Memory-mapped files are a segment of virtual memory that we assign with direct correlation to some file (or “resource”). Applications can then treat the mapped portion of the file as if it were primary memory!

It seems like the main upsell is that the operating system has a good api for this and, in java, we pass control to the operating system to take care of reading and writing the files. This makes it faster than java IO and also java streaming. On top of this, if your program crashed just after writing to memory, the OS will take care of passing on your writes to the file.

Memory-mapped files can also be accessed by more than one process and so it can act as low-latency shared memory across a multithreaded system.

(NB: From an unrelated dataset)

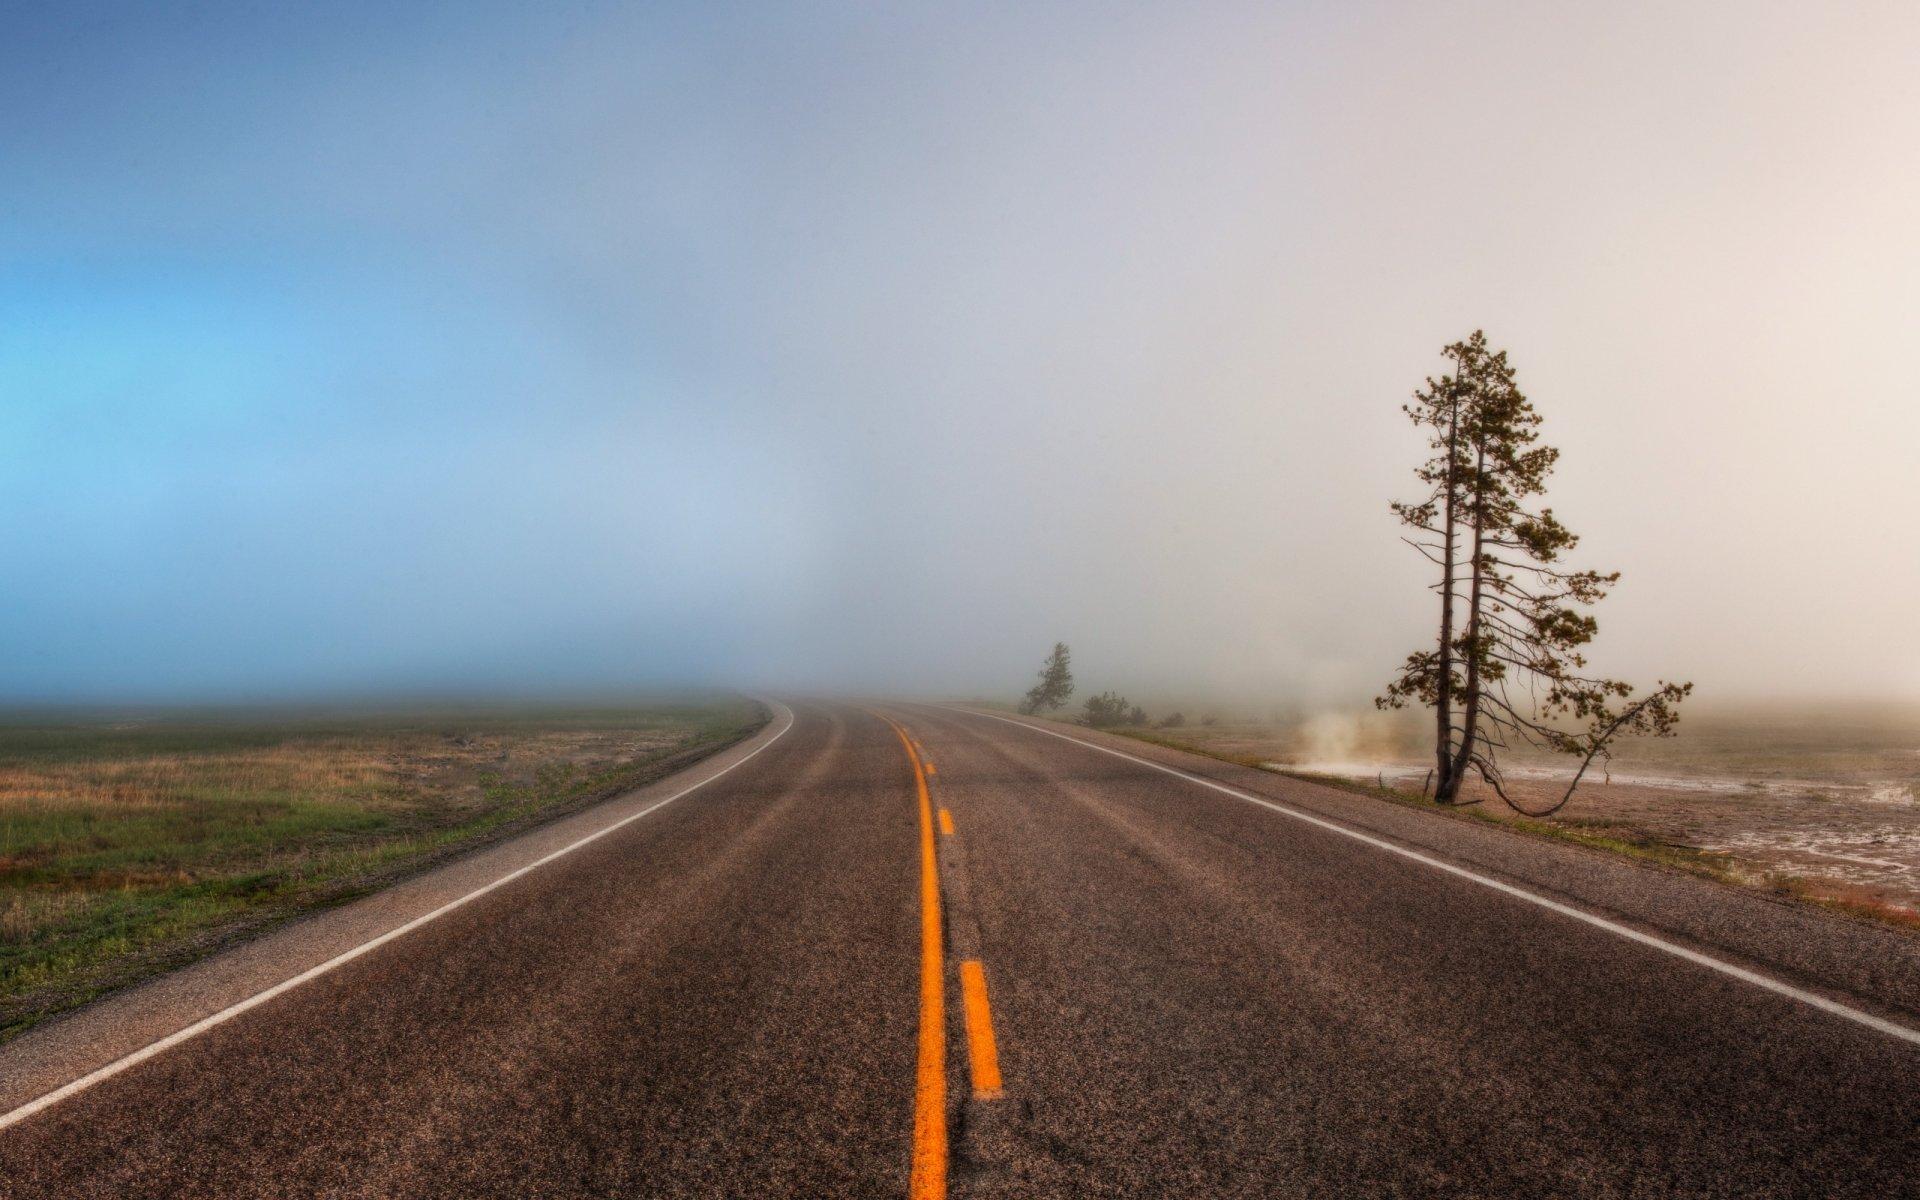 картинка коричневой дороги на аву зависимости целей
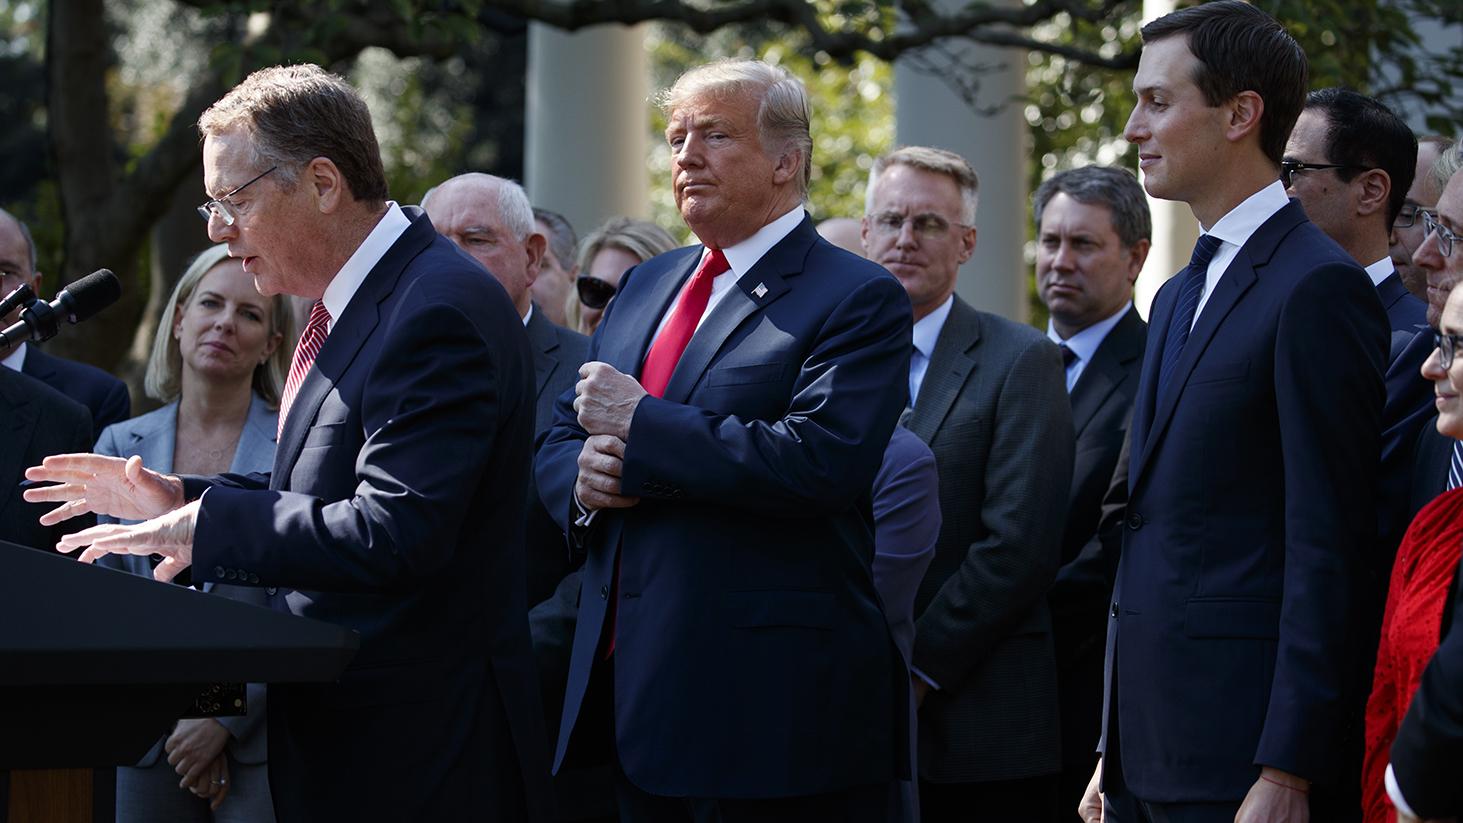 美国总统特朗普(前排中)在一个活动上听美国贸易代表罗伯特·E·莱特希泽(Robert E. Lighthizer,前排左一)发言。(美联社)

It seems, however, that this is a little less novel in the haskell community as performance is already very “close to the metal.” It seems like ByteString is already performant enough with streaming data that most of the general-case uses are competitive with this feature (from a layman’s perspective).

The main thing here is that, in haskell-land, we can consider memory-mapped files as lazy IO for virtual memory.

Sidebar: In a 32bit machine the region of the file that is mapped can’t extend beyond 4GB due to hardware restrictions. Also, memory-mapped file access will result in page fault if the requested page is not in memory. A lot of unknowns exist as well if the file is not locked/managaged correctly in your OS.

However in java, depending on whether you are using direct or non-direct byte buffer, the memory used to load the file is outside of Java heap and resides in shared memory. This allows two different process to access the file. Usually, you want to prefer a direct byte Buffer over the non-direct buffer for higher performance.

Note that in haskell, when dealing with your mapped file (or bytestring), you would definitely want to use one of the list-like packed array types such as uvector or vector. As always, benchmark to make sure everything is working as you’d expect.